EXERCISE INSTRUCTIONS
Your response is a verbatim copy of the listing, stripped of its images.

EXTRACTED ENTRIES
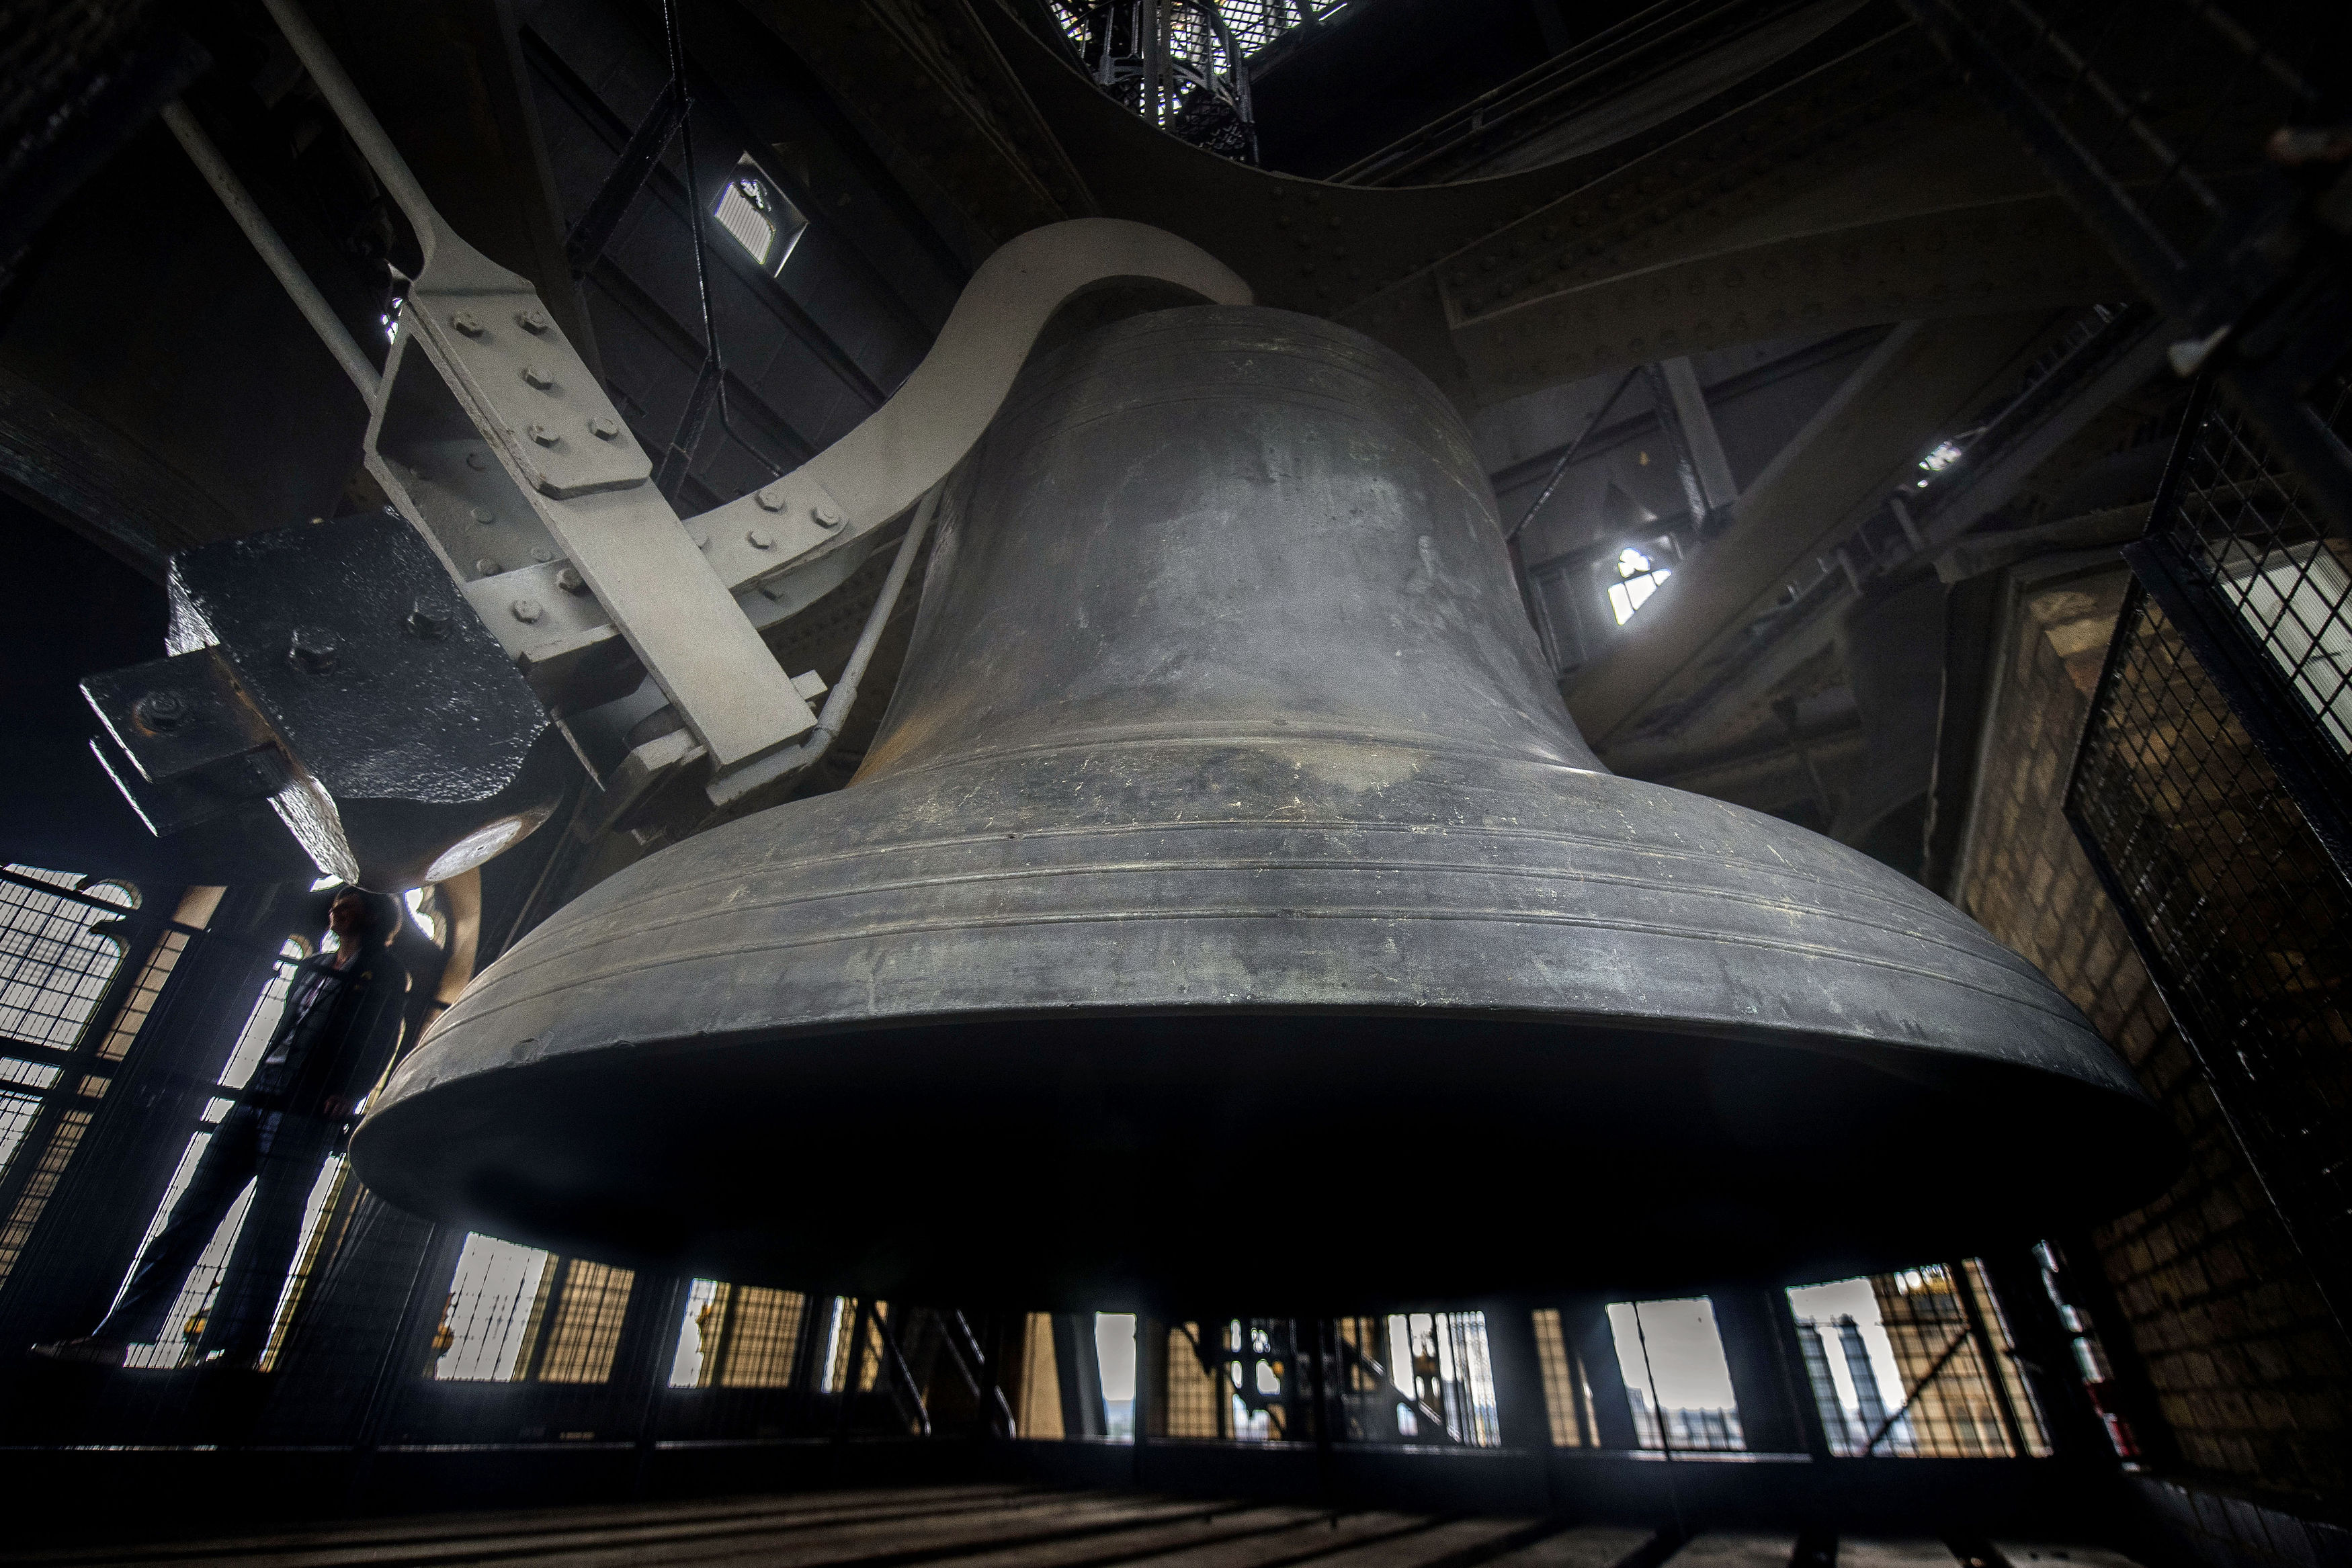 The Big Ben bell
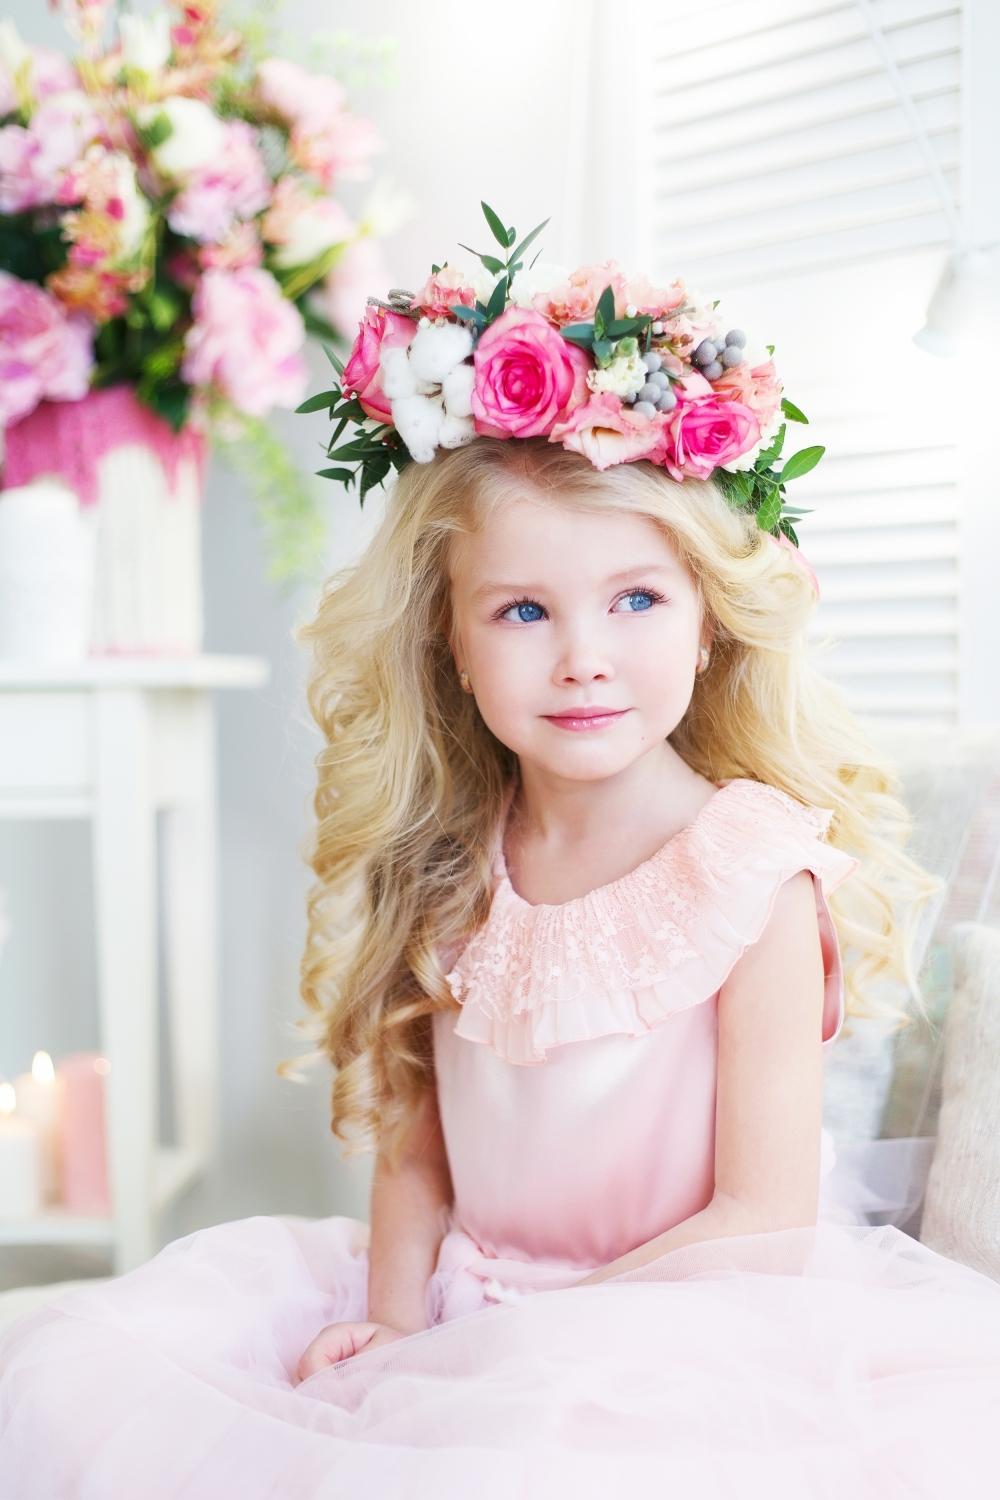 Чудесный веночек для Алины
florist: Надежда Бобровская
photographer: Ксения Гончарова
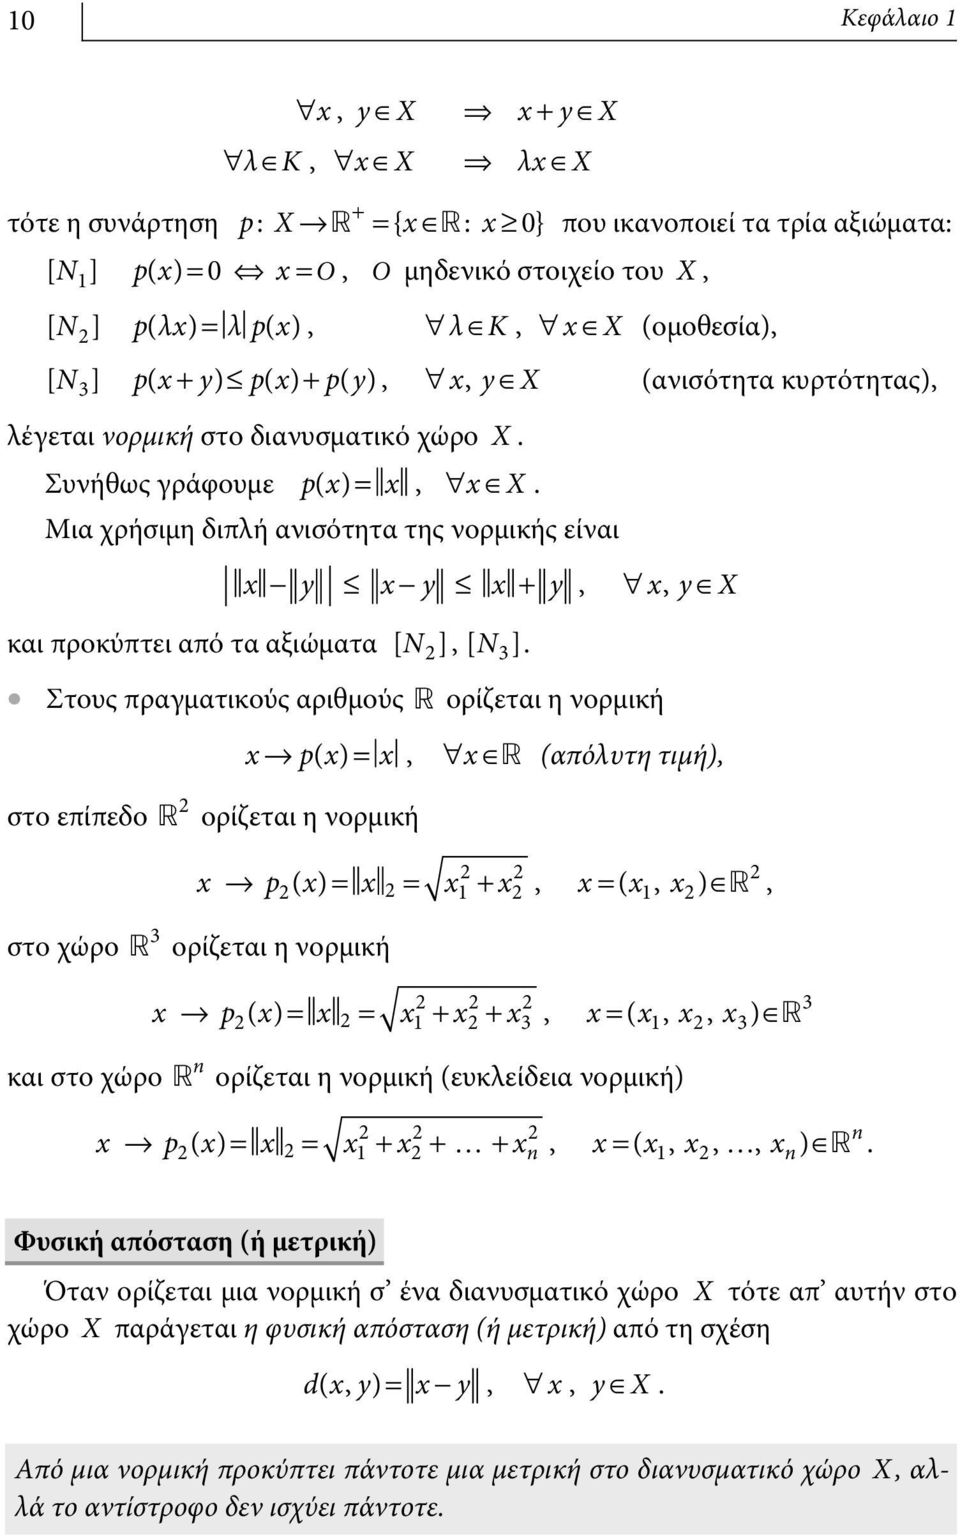 Μια χρήσιμη διπλή ανισότητα της νορμικής είναι - y - y + y, ", yœ X και προκύπτει από τα αξιώματα [ N], [ N 3].
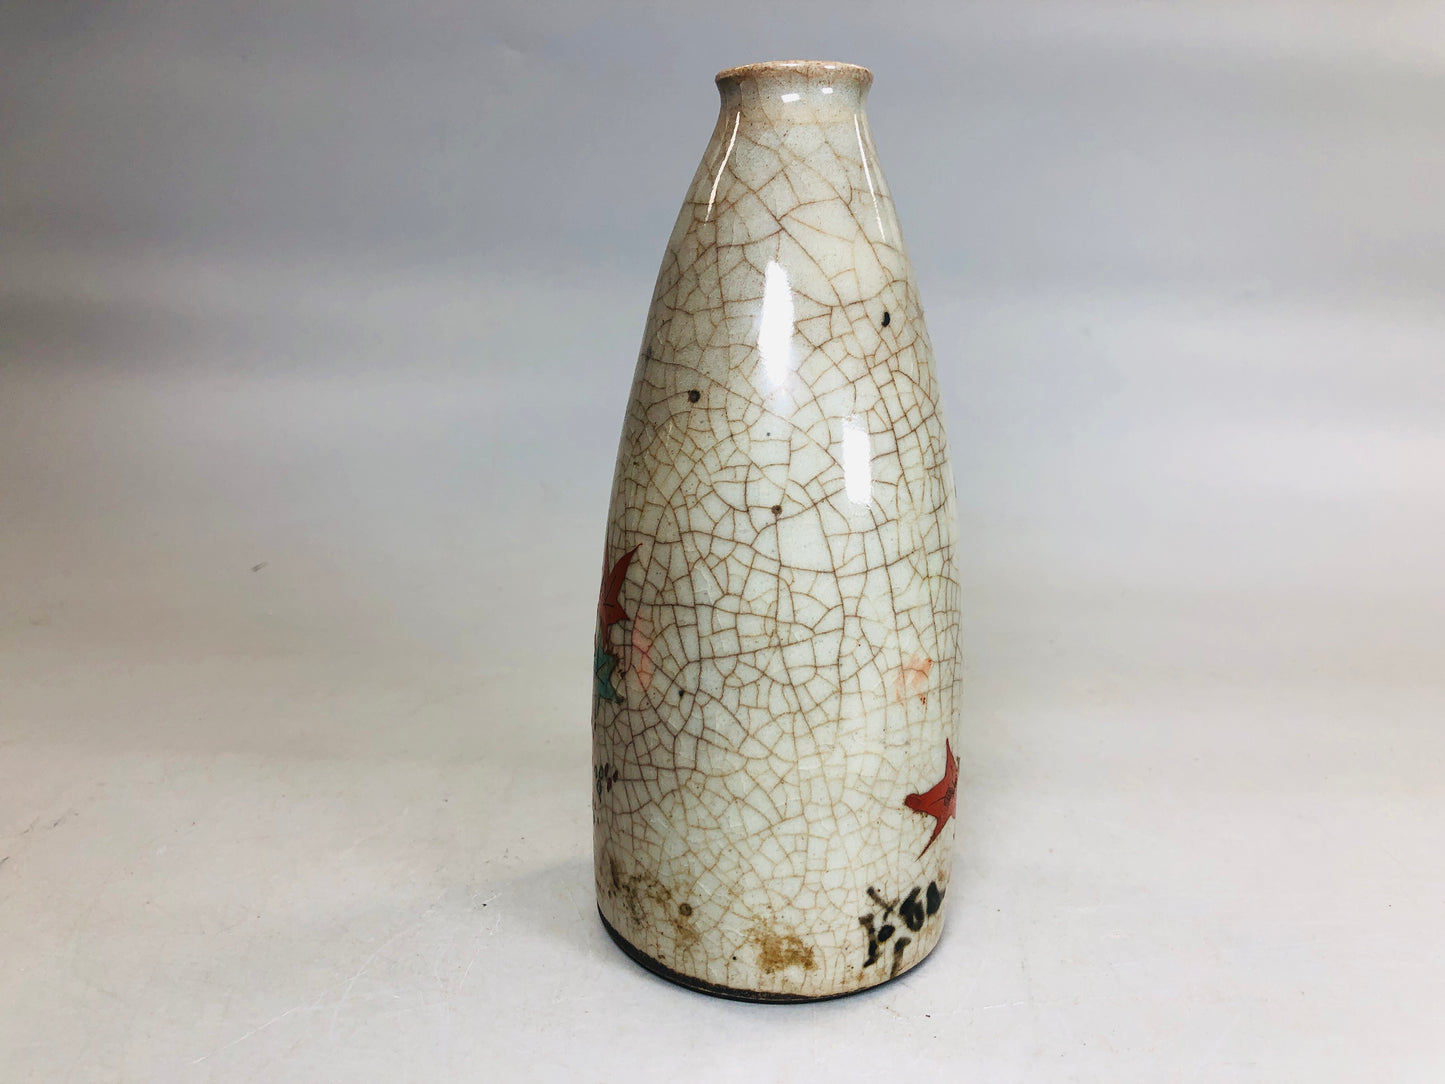 Y5775 CHOUSHI Inuyama-ware sake bottle autumn leaves signed Japan antique pot
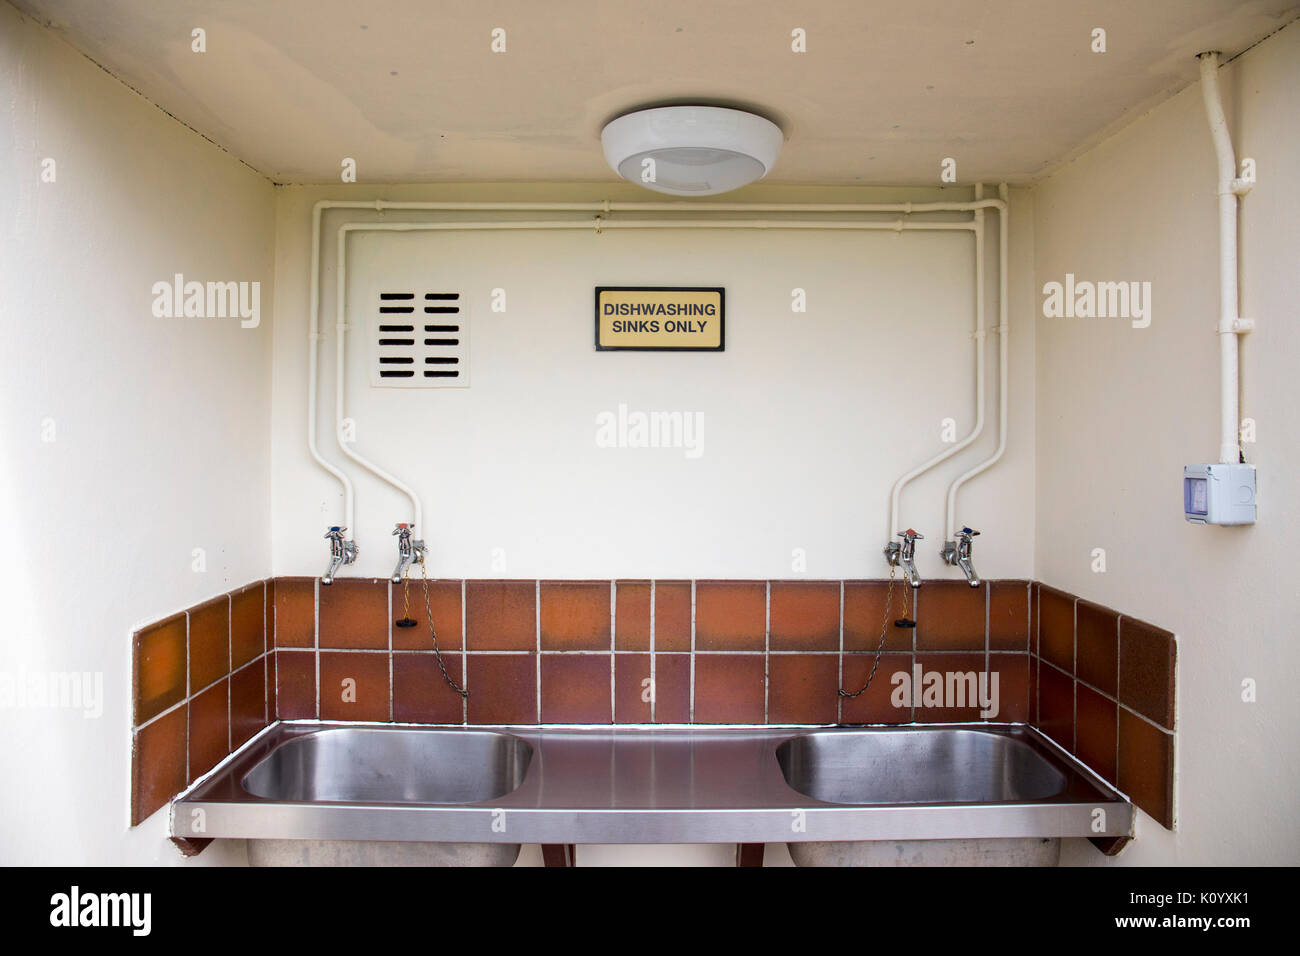 Dishwashing sinks on campsite UK Stock Photo

ANSWER BELOW
 The Big Ben bell
 Чудесный веночек для Алины
florist: Надежда Бобровская
photographer: Ксения Гончарова
 Μια χρήσιμη διπλή ανισότητα της νορμικής είναι - y - y + y, ", yœ X και προκύπτει από τα αξιώματα [ N], [ N 3].
 Y5775 CHOUSHI Inuyama-ware sake bottle autumn leaves signed Japan antique pot
 Dishwashing sinks on campsite UK Stock Photo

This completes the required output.